AURORA | An Adams County District Court Judge last month granted a three-month stay in a lawsuit between Denver International Airport, the city of Aurora and a large-scale developer over the latter’s ability to build new homes near a forthcoming airport runway.
All parties named in the lawsuit – the state’s largest airport, the entirety of Aurora city council and Westside Investment Partners — filed a joint motion Feb. 26 to pause the litigation, according to Emily Williams, spokeswoman for Denver International Airport.
“(Denver International Airport) is working closely with Aurora and Westside on a potential settlement agreement and hopes to reach a resolution soon,” Williams wrote in an email. “DEN appreciates Aurora’s and Westside’s partnership to protect current and future airport operations as well as the citizens of Aurora.”
A judge granted the motion to stay for 90 days, according to Julie Patterson, spokeswoman for the City of Aurora.
The lawsuit filed in late January alleges Aurora city council members and the head of the city’s planning department abused their authority when they signed off on a zoning code change that would permit the development of homes within half a mile of a planned runway on the south side of the airport.

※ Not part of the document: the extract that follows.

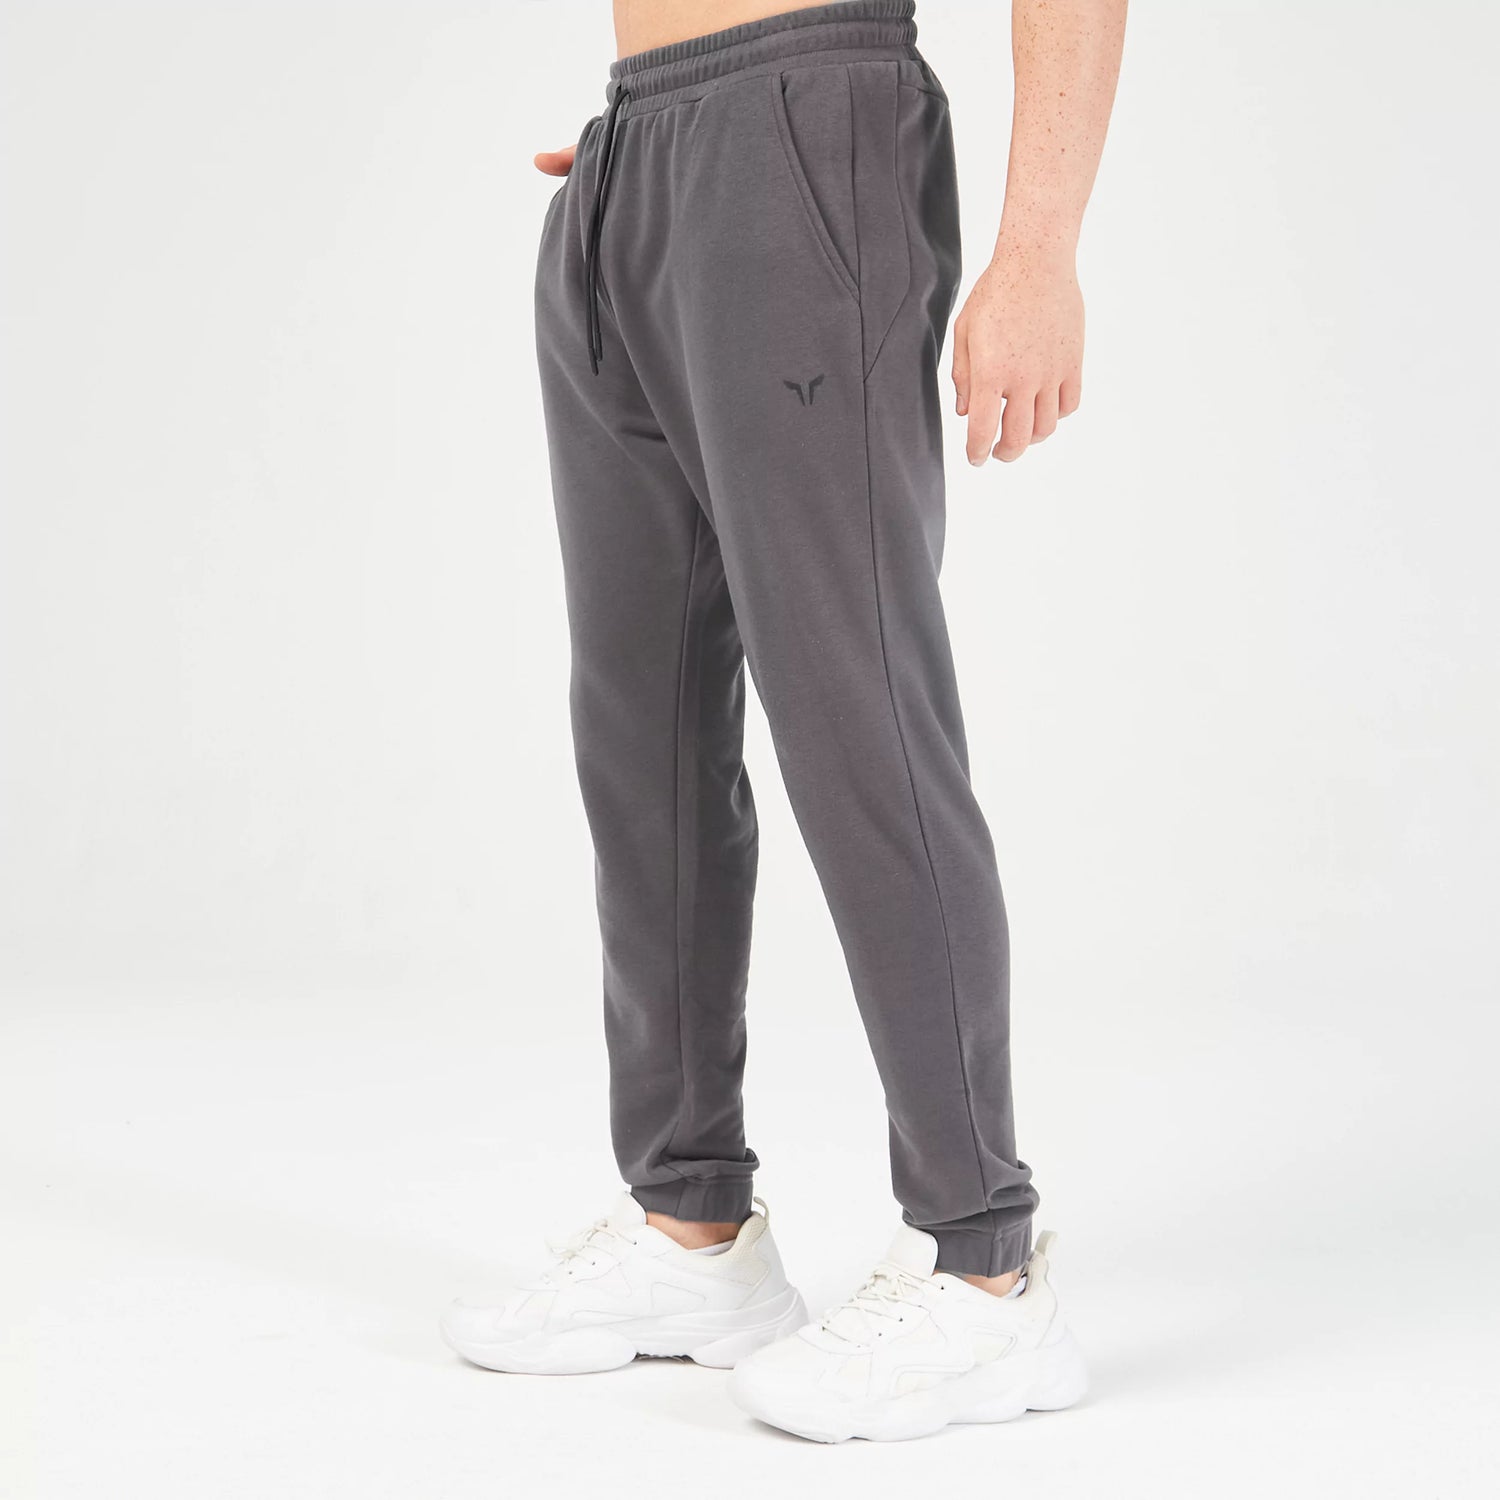 squatwolf-gym-wear-essential-jogger-pant-asphalt-workout-pants-for-men

Despite receiving strong opposition from residents and the city’s own planning and zoning commission, council members on Dec. 16 approved an ordinance that tweaks the zoning of a 98-acre parcel of land just south of DIA. The measure allows Westside to construct residential homes on the plot as part of the High Point at DIA development, a sprawling project expected to eventually consist of 3,000 homes spread across 1,800 acres in Denver and Aurora.
Attorneys for the airport had asked the city to strike the new ordinance from city code, claiming the council abused their authority and surpassed their jurisdiction in adopting the zoning change.
The new code went into effect Feb. 8.
In a response filed late last month, Aurora city attorneys asked the court to toss the lawsuit “for lack of standing, ripeness, mootness and lack of subject matter jurisdiction,” according to court documents.
“The complaint fails to show a currently justiciable issue or an existing legal controversy between the parties and is, therefore, not ripe for the court to hear,” attorneys wrote.
If the lawsuit were to continue, Aurora attorneys also asked to move the litigation from Adams County District Court to Arapahoe County.
In the original complaint, Denver city attorneys painted Aurora lawmakers as deceitful for ostensibly allowing the construction of more homes near the airport as a separate suit filed in Jefferson County District Court alleges the airport is already violating noise protocols for residents currently living near the transit hub.
“Aurora finds itself asserting, on the one hand, concerns about noise levels at locations over four-miles from DEN, while on the other hand, approving single-family detached residential development less than one mile from DEN’s planned seventh runway, which would expose those residents to much higher noise levels,” attorneys wrote.
In a statement, Aurora City Attorney Dan Brotzman said the Jefferson County suit is still being evaluated by the court. Brotzman said the suit was prepared in conjunction with Adams County, Brighton and Thornton to recoup noise violation fines outlined in a 1988 agreement between several Front Range entities.
“The 1988 Agreement requires Denver to install noise monitoring equipment and remedy violations or make a payment of $500,000 for each violation not remedied,” Brotzman wrote. “In 2005, Denver paid $26,500,000 to Adams County and cities for violations of these noise provisions. Even after that lawsuit and settlement Denver failed to install adequate monitoring equipment and did not remedy violations. The current lawsuit identifies 67 violations of which 24 were in Aurora.
If the parties fail to come to an agreement in the coming weeks, a judge will have to rule at the end of May on the status of the recently granted stay.